Repeat exactly each line of the data provided below.

^^^^^^^^^^^^^^^^

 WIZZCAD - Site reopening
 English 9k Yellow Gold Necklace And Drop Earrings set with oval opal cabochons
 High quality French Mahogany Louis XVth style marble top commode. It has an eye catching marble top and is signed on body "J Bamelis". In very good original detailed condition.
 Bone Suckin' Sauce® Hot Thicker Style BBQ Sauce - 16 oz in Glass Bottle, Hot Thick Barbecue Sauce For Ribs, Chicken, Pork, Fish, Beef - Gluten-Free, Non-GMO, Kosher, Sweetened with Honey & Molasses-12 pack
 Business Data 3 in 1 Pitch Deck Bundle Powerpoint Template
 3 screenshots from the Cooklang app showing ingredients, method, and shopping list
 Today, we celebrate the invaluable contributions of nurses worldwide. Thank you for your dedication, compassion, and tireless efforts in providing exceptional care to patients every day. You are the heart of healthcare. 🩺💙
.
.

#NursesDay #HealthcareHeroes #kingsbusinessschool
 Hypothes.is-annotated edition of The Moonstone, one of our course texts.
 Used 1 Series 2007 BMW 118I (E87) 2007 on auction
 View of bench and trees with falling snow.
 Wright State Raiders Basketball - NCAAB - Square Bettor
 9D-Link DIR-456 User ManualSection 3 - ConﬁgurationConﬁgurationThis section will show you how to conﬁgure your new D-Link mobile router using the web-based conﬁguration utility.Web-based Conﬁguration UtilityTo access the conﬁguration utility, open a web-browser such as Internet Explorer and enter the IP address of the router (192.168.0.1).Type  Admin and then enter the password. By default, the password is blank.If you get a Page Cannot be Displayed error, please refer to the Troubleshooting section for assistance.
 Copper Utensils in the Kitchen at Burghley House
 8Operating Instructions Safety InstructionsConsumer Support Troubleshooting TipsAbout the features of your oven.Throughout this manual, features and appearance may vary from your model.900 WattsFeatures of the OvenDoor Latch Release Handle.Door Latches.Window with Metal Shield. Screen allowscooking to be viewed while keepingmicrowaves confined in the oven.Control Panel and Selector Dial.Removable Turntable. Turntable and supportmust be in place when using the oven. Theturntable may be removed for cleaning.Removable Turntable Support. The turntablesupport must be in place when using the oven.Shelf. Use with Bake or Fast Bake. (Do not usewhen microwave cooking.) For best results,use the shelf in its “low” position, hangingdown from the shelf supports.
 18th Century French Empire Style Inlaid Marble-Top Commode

^^^^^^^^^^^^^^^^

## [Solved exercise]
 WIZZCAD - Site reopening
 English 9k Yellow Gold Necklace And Drop Earrings set with oval opal cabochons
 High quality French Mahogany Louis XVth style marble top commode. It has an eye catching marble top and is signed on body "J Bamelis". In very good original detailed condition.
 Bone Suckin' Sauce® Hot Thicker Style BBQ Sauce - 16 oz in Glass Bottle, Hot Thick Barbecue Sauce For Ribs, Chicken, Pork, Fish, Beef - Gluten-Free, Non-GMO, Kosher, Sweetened with Honey & Molasses-12 pack
 Business Data 3 in 1 Pitch Deck Bundle Powerpoint Template
 3 screenshots from the Cooklang app showing ingredients, method, and shopping list
 Today, we celebrate the invaluable contributions of nurses worldwide. Thank you for your dedication, compassion, and tireless efforts in providing exceptional care to patients every day. You are the heart of healthcare. 🩺💙
.
.

#NursesDay #HealthcareHeroes #kingsbusinessschool
 Hypothes.is-annotated edition of The Moonstone, one of our course texts.
 Used 1 Series 2007 BMW 118I (E87) 2007 on auction
 View of bench and trees with falling snow.
 Wright State Raiders Basketball - NCAAB - Square Bettor
 9D-Link DIR-456 User ManualSection 3 - ConﬁgurationConﬁgurationThis section will show you how to conﬁgure your new D-Link mobile router using the web-based conﬁguration utility.Web-based Conﬁguration UtilityTo access the conﬁguration utility, open a web-browser such as Internet Explorer and enter the IP address of the router (192.168.0.1).Type  Admin and then enter the password. By default, the password is blank.If you get a Page Cannot be Displayed error, please refer to the Troubleshooting section for assistance.
 Copper Utensils in the Kitchen at Burghley House
 8Operating Instructions Safety InstructionsConsumer Support Troubleshooting TipsAbout the features of your oven.Throughout this manual, features and appearance may vary from your model.900 WattsFeatures of the OvenDoor Latch Release Handle.Door Latches.Window with Metal Shield. Screen allowscooking to be viewed while keepingmicrowaves confined in the oven.Control Panel and Selector Dial.Removable Turntable. Turntable and supportmust be in place when using the oven. Theturntable may be removed for cleaning.Removable Turntable Support. The turntablesupport must be in place when using the oven.Shelf. Use with Bake or Fast Bake. (Do not usewhen microwave cooking.) For best results,use the shelf in its “low” position, hangingdown from the shelf supports.
 18th Century French Empire Style Inlaid Marble-Top Commode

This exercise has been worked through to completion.